İkinci el otomobil alınırken bile eksiği var mı diye kontrol ettirildiğini belirten Çelik, şunları kaydetti:

"60 trilyonluk bir tesisi devralıyorsunuz ve bugüne kadar ne var, ne yok demiyorsunuz. Hal böyleyken arkadaşlarım ve ben ’2002 yılındaki yönetmeliğe uygun yapmadınız’ diye suçlanıyoruz. Bunun bir izahı var mı? Bu binayı kim eksik şekilde yapmışsa tabii ki o kabahatlidir. Bu eksiklikler olduğu, yönetmeliklere uymadığı halde bu binanın kabulünü kimler yapmışsa onlar sorumludur. 4 yıldır uhdenizde bulunan, teslim aldığınız bir binayı bir inceleme, değerlendirmeden geçirmeyen yetkililer de sorumludur herhalde. Burada bizim nasıl bir sorumluluğumuz olabilir Allah aşkına. Biz de herkes gibi bu olaydan sonra öğrendik bu eksikliklerin olduğunu. Ben bir hekim olarak bununla suçlanıyor ve cezalandırılıyorum. Vicdanen de bu konuda rahatsızlık duymuyorum. İnsanlarımızın vefatından duyduğum rahatsızlık ayrı. Ama bilgim dahilinde bir eksiği, bir gediği yapmamış, yaptırmamış değilim. Burada bizim sıkıntımız, eksiğimiz yok. Görevimi ilk günden bugüne kadar en iyi şekilde yapan bir idareciyim. İstifa etmeyi düşünmem için sebep olmadığını düşünüyorum. Bakanlığın takdiridir, bizi görevimizden alırlar, benim bileceğim bir iş değil. O noktada hukuk önünde gideceğim yollar varsa bunları kullanırım veya kullanmam."

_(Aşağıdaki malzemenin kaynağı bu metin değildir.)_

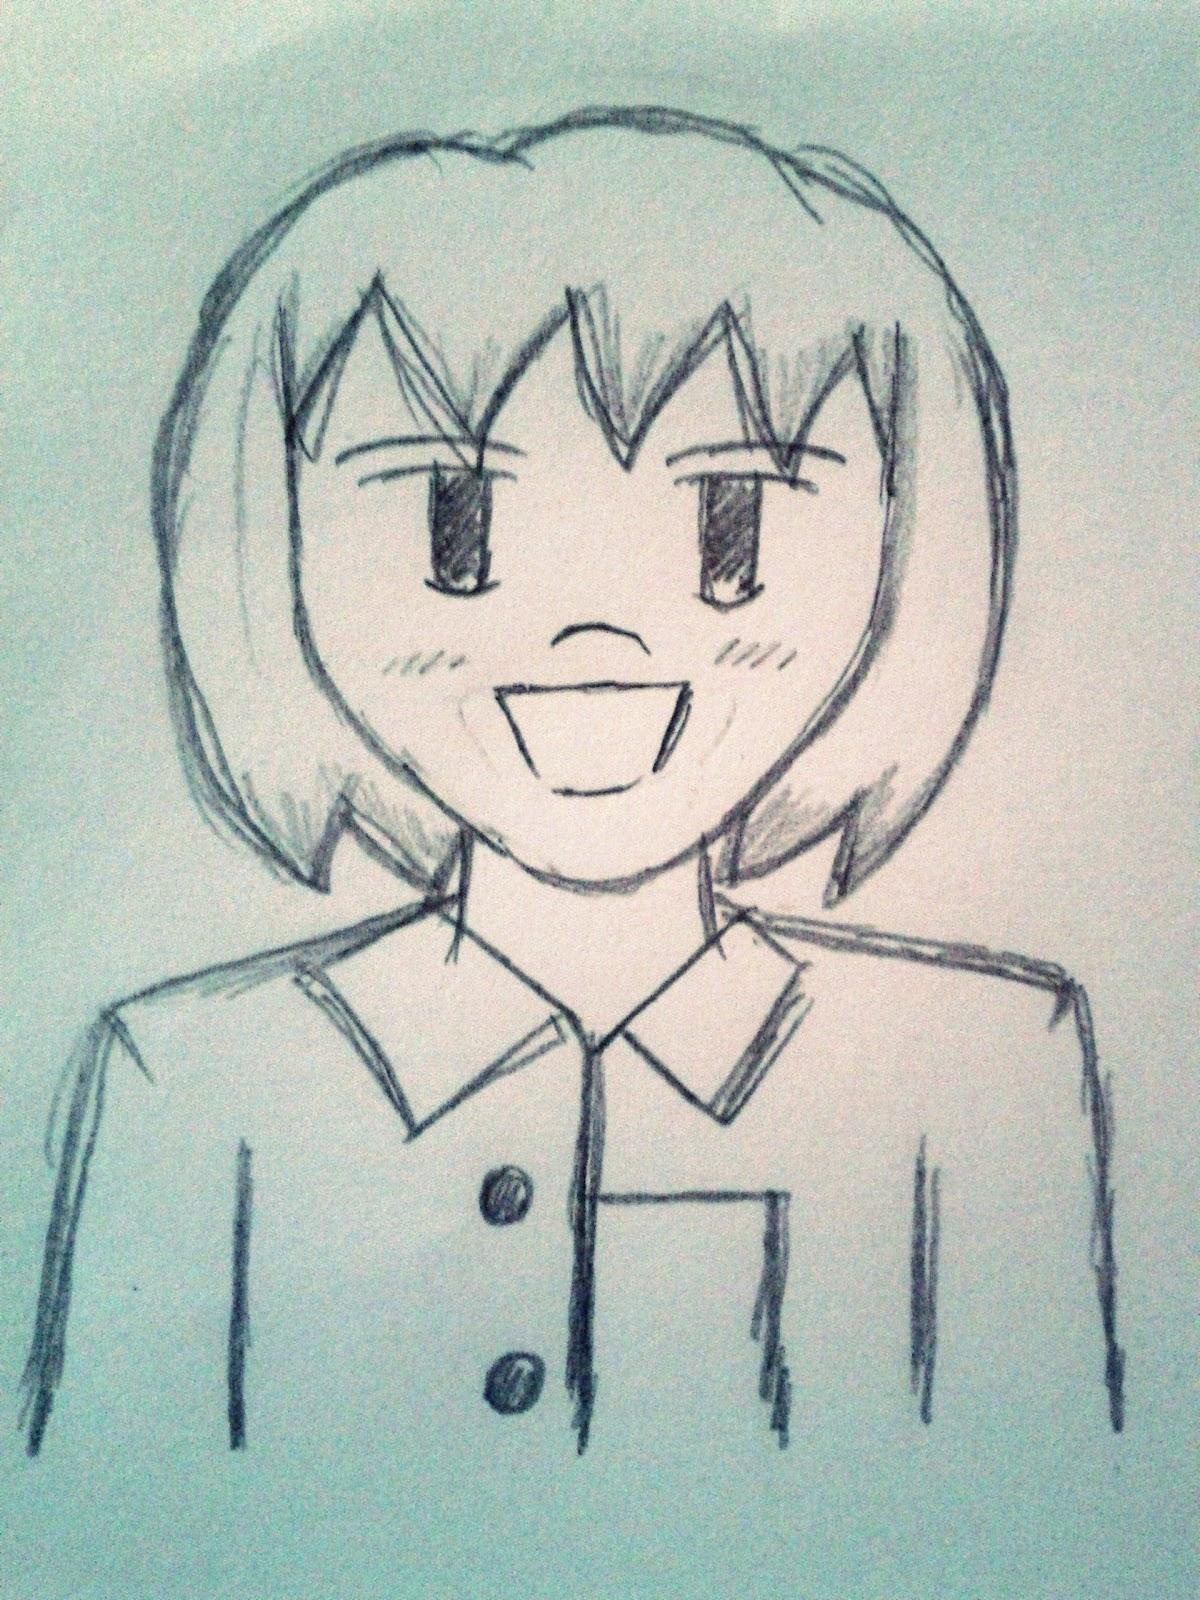 800 Gambar Anime Lucu Pencil HD Terbaru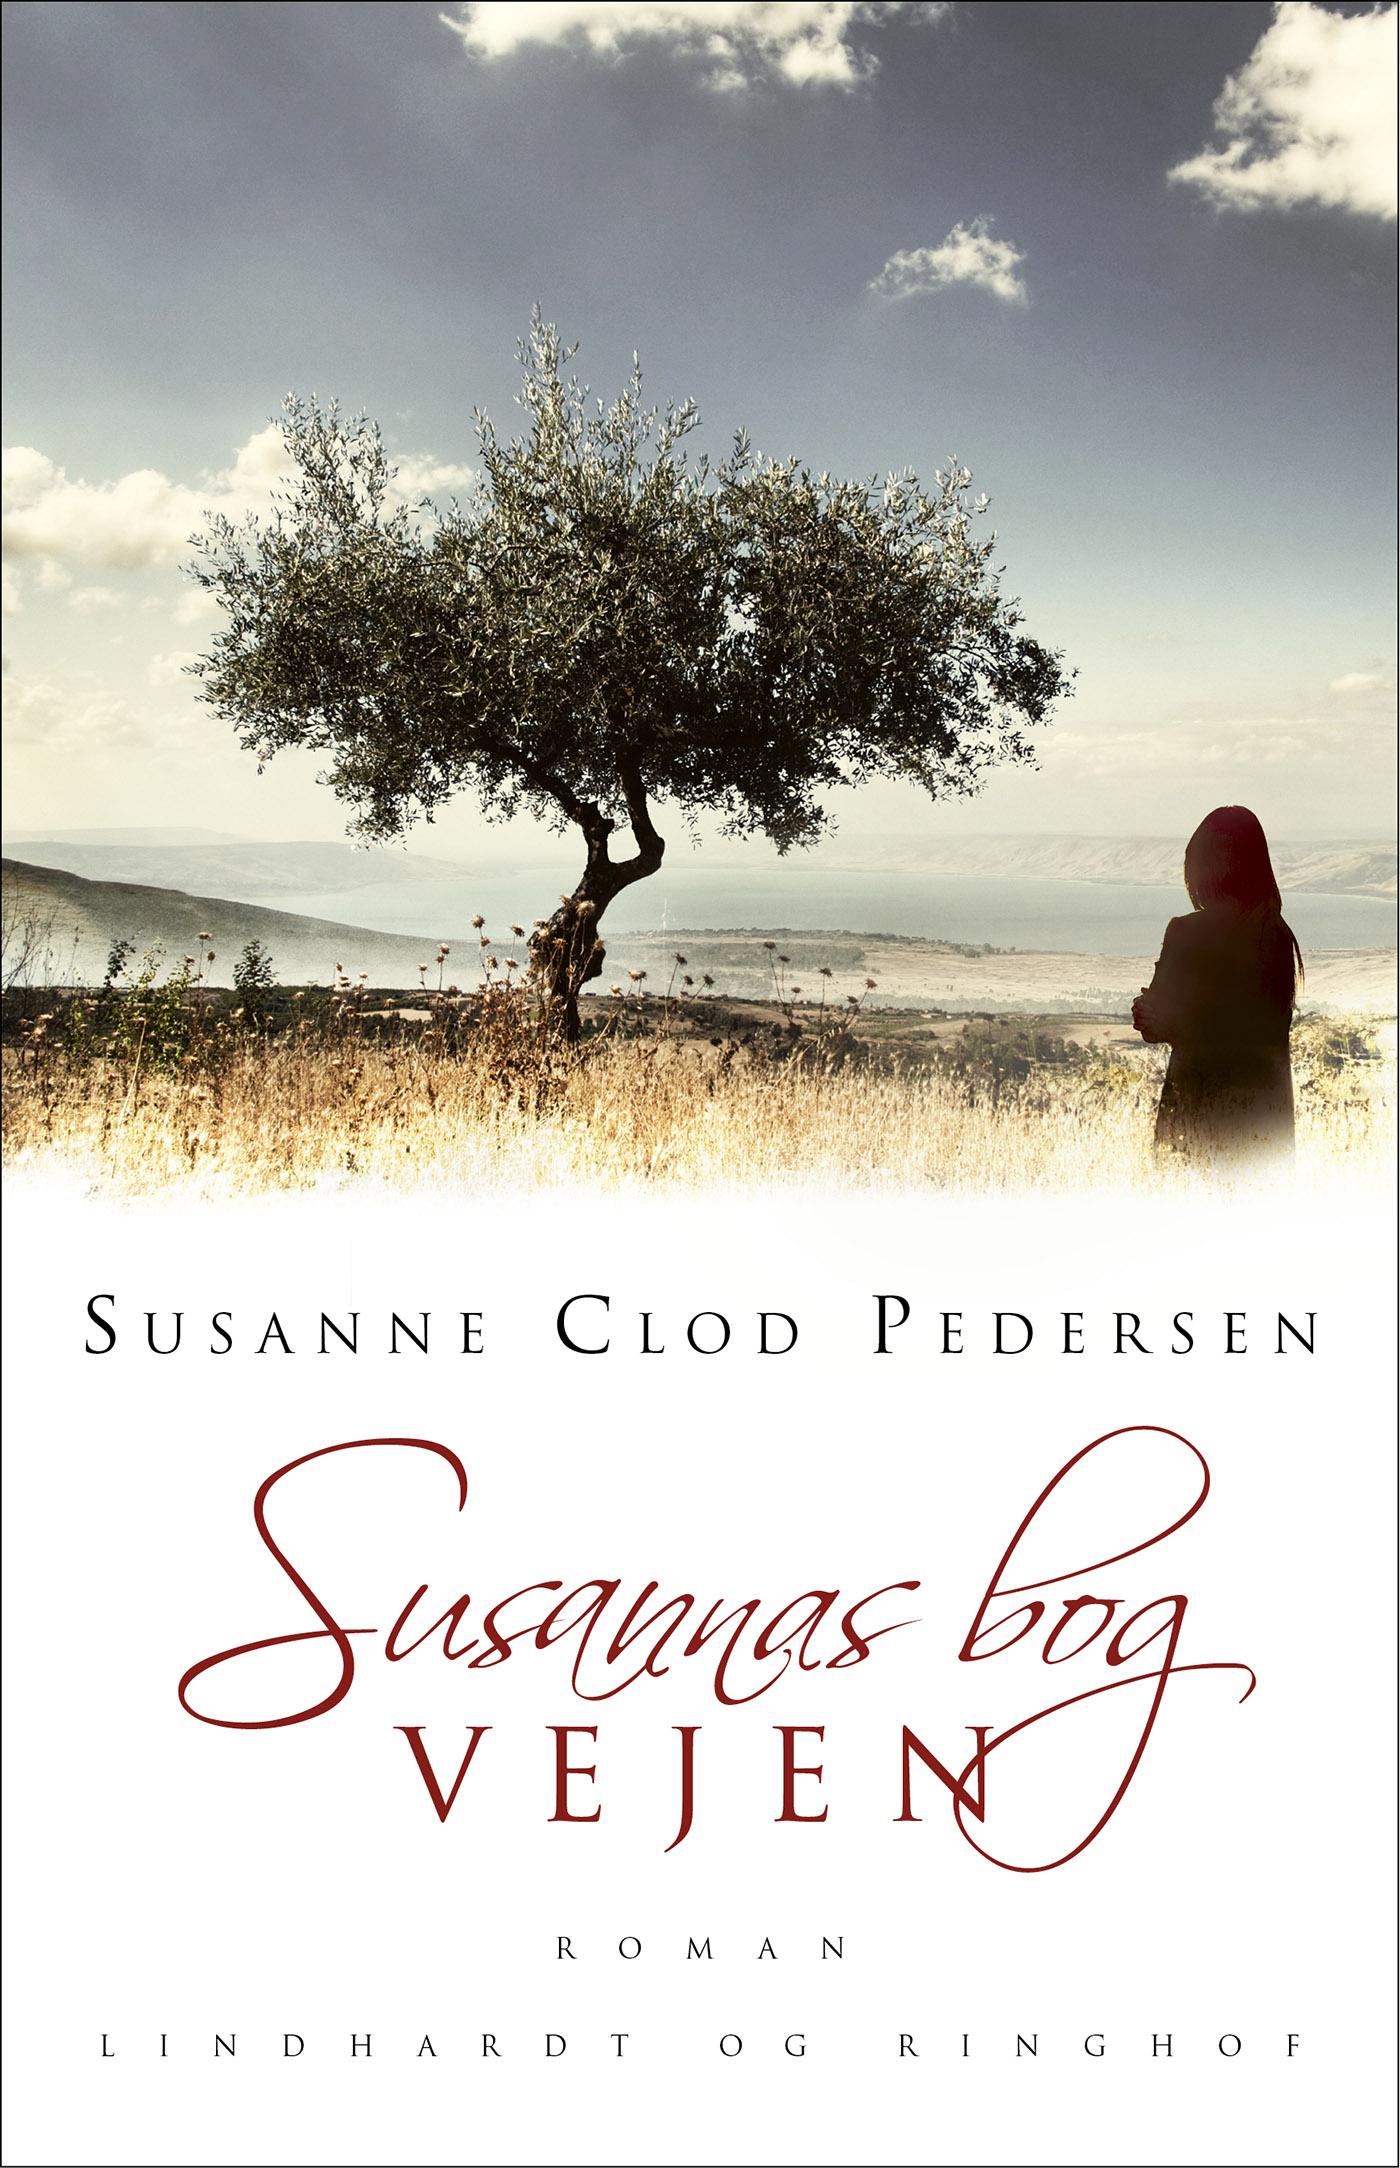 N/A Susannas bog, vejen - e-bog på bog & mystik

Sağlık Bakanlığı Teftiş Kurulunca hazırlanan raporda, Hastane Başhekimi Osman Naci Çelik, Hastane Müdürü Salim Özdağ, müdür yardımcıları Mehmet Genç ve Yakup Güler’in "görevlerini gerektiği gibi yapmakta ihmalleri olduğunun saptandığı, görevlerinden alınmalarının uygun olacağı" belirtilmişti.